Excitation-Emission Maps (EEMs) provide a ‘Finger Print’ of complex mixtures of substances. These maps are typically measured either by a series of emission scans with stepwise increase, or for synchronous maps, by a series of synchronous scans and stepwise increase of the excitation-emission offset. A map measurement over a wide range of excitation and emission wavelengths, as shown here, can only be performed properly if higher order scatter is automatically removed during the measurement; the FS5’s built in automatic filters, along with real-time correction for background noise and spectral efficiencies, allow these measurements to be seamlessly performed by even the newest users.
Fluorescence quantum yields can be measured by using the optional, sample chamber mounted, integrating sphere. The absolute method directly compares the number of absorbed and emitted photons through measurement of a blank-reference and a sample where their spectra can be integrated with respect to each other. The quantum yield calculation is made using a wizard within the operating software.

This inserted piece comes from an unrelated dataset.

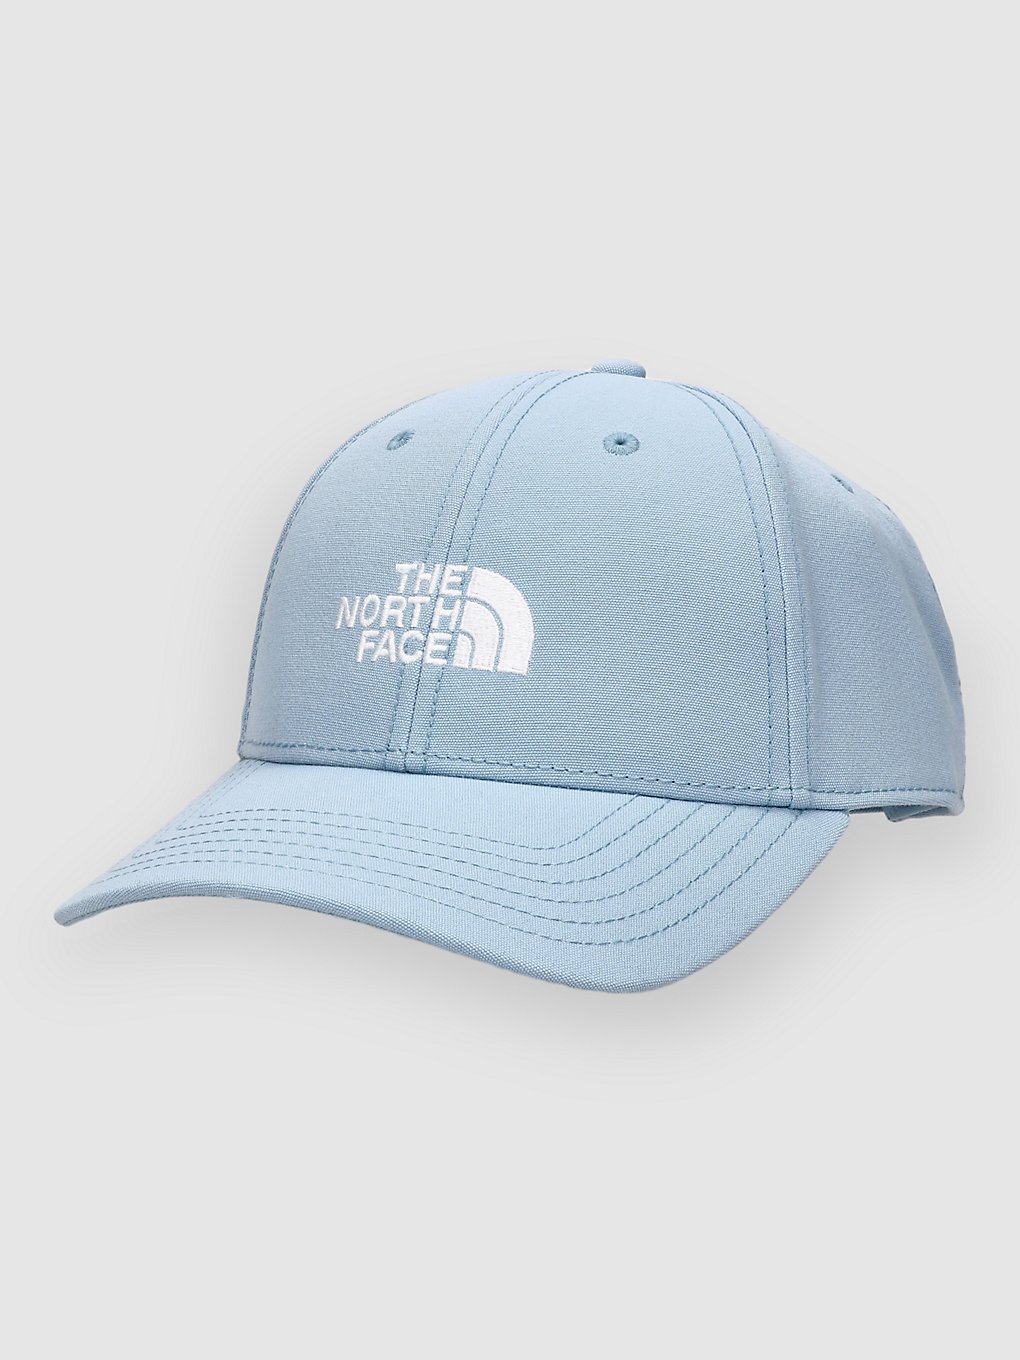 THE NORTH FACE Recycled 66 Classic Cap steel blue kaufen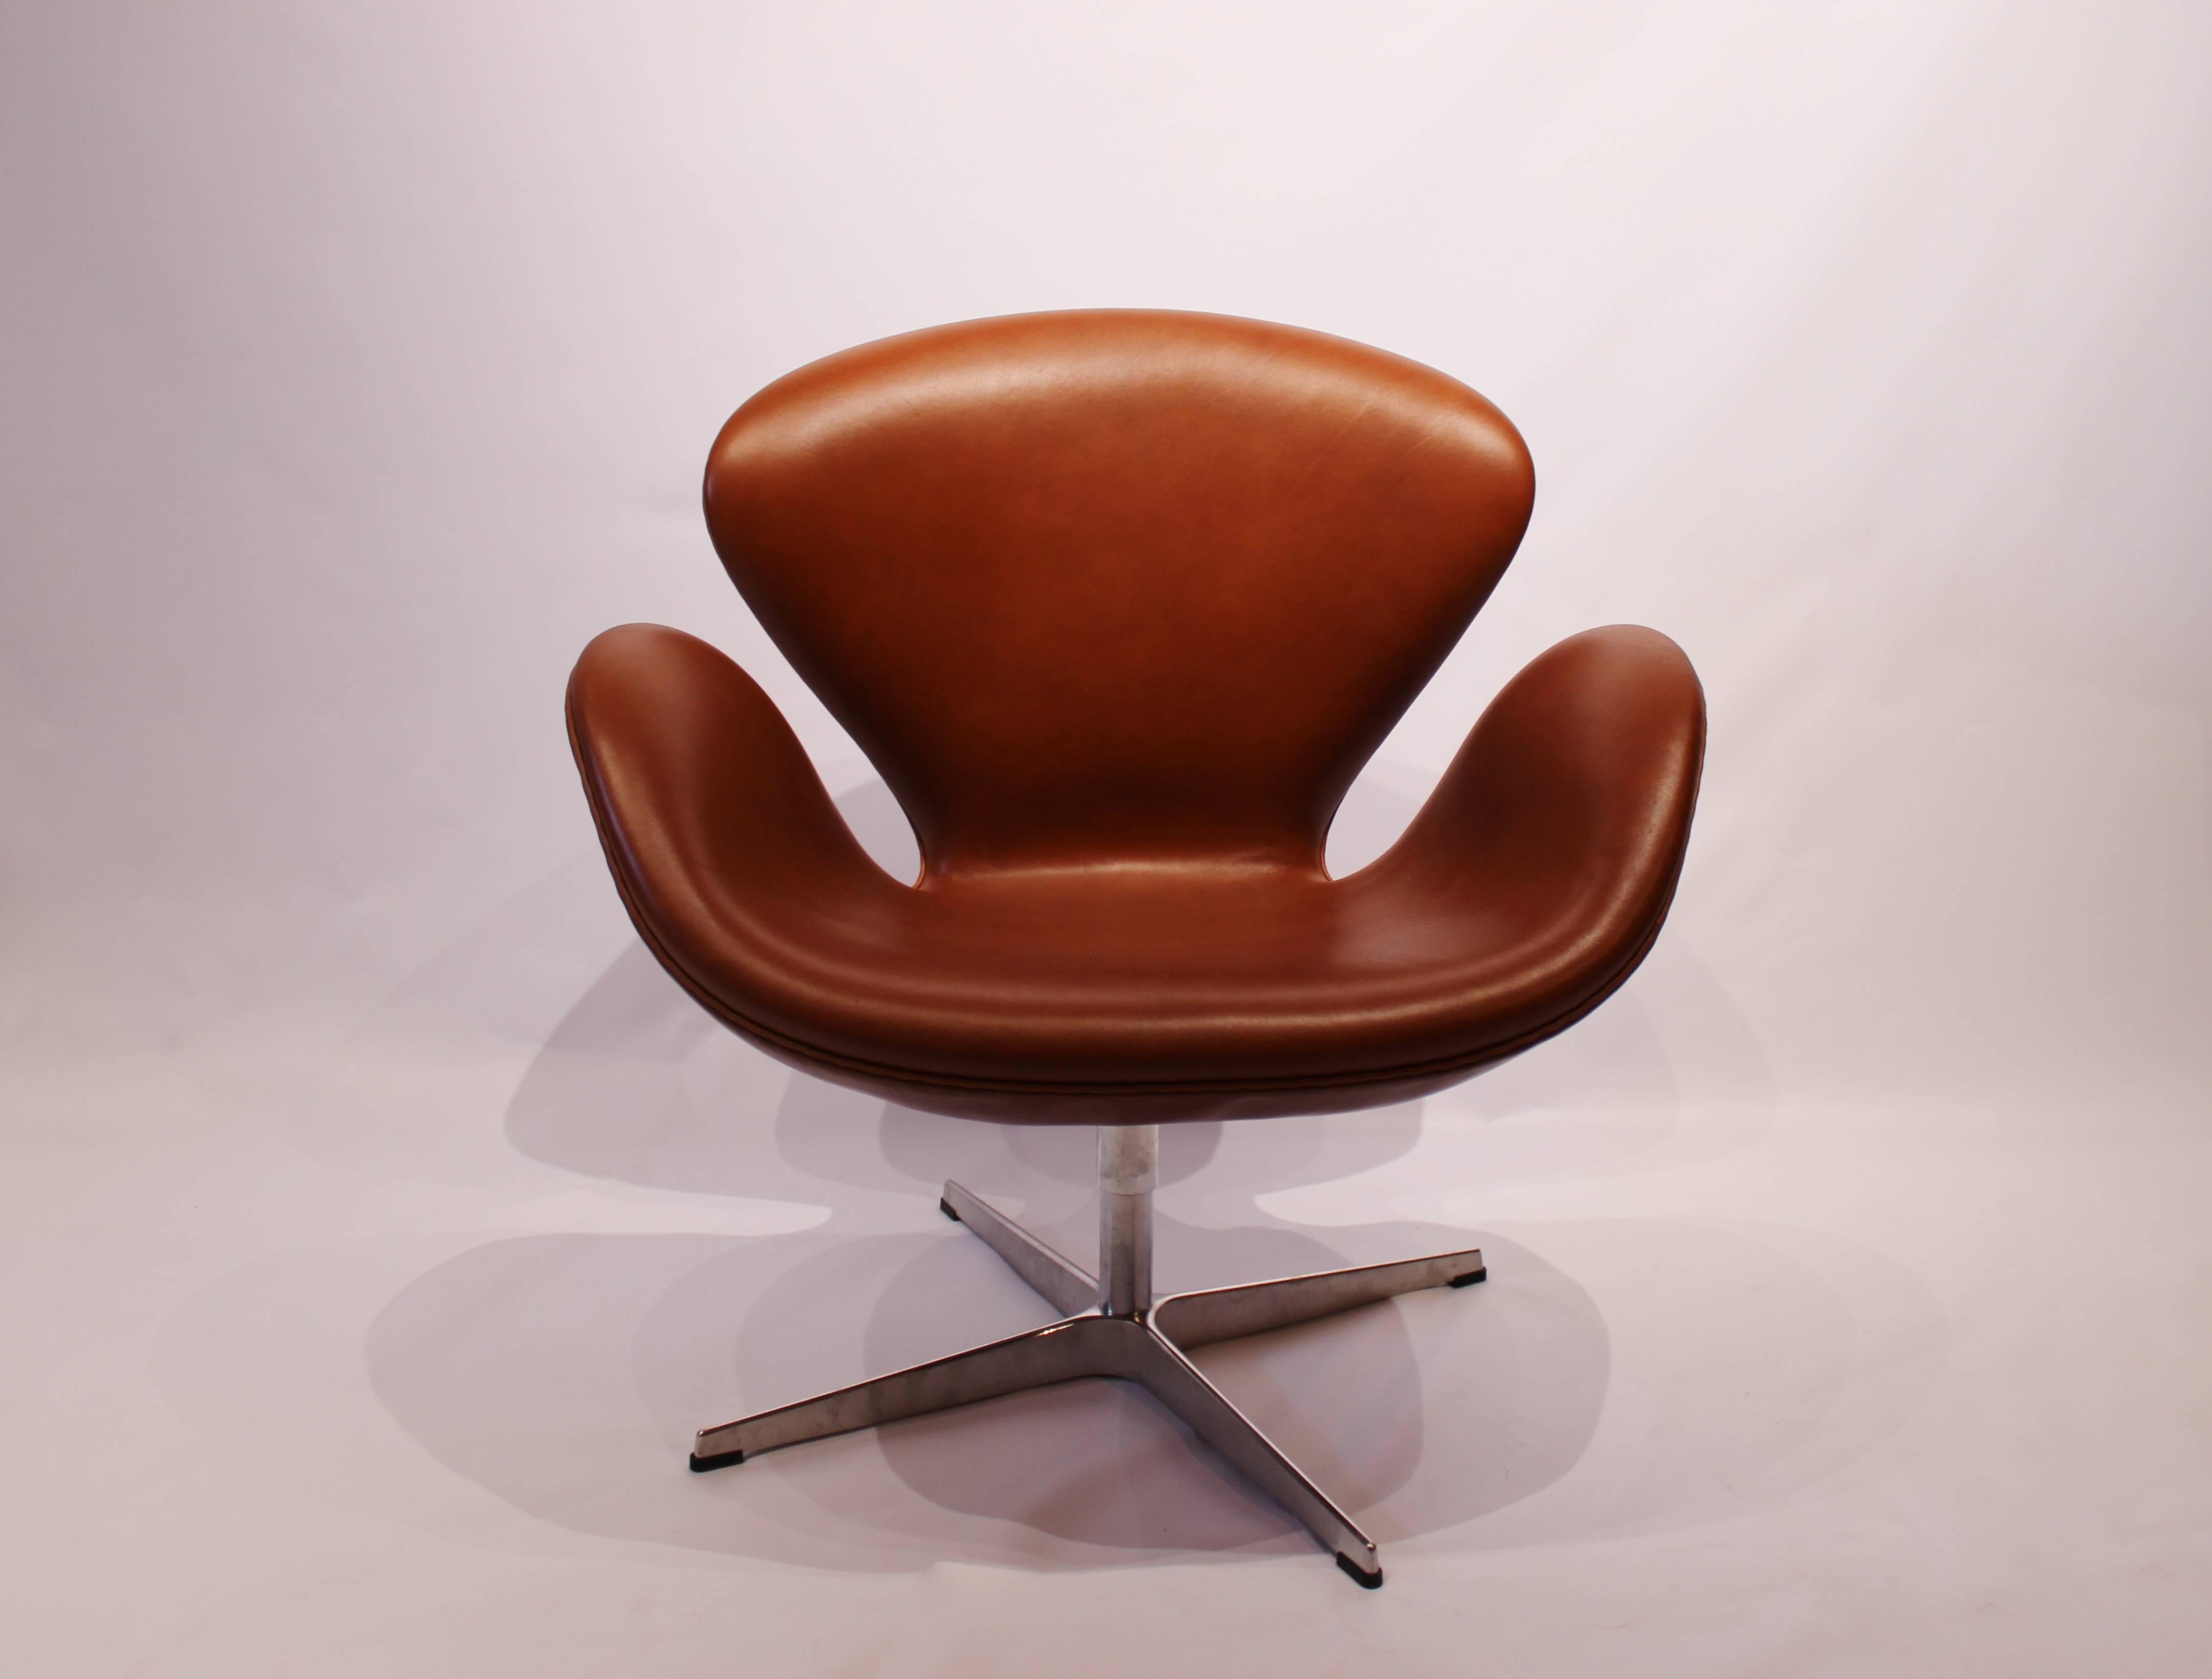 Swan chair, model 3320, designed by Arne Jacobsen in 1958 and manufactured by Fritz Hansen in 2015. The chair is upholstered in walnut elegance leather and is in great vintage condition.

Quinine bisulphate in Perchloric acid. The red curve shows the scan over the excitation scatter at 350 nm and the emission of the sample, the blue curve shows the scatter of the blank measurement. The sample and blank-reference emission range (370 – 700 nm) has been increased by a factor 100 for better demonstration.
The lighting industry requires precise determination of the colour co-ordinates of fluorescent powders. The FS5 and Fluoracle Software provides Chromaticity analysis tools for the determination of colour co-ordinates and luminosity values using CIE 1931 and CIE 1976. The example shows four commercial powders with blue, green, yellow and red emission.
Multiple sample measurements can be made using the plate reader sample holder accessory. This can be used for liquid samples with commercial plates of up to 96 wells, but is also suitable for routine quality assessment of fluorescent powders. As with all the sample holder accessories, this is also compatible with the FS5 upgrade options, including the lifetime upgrades.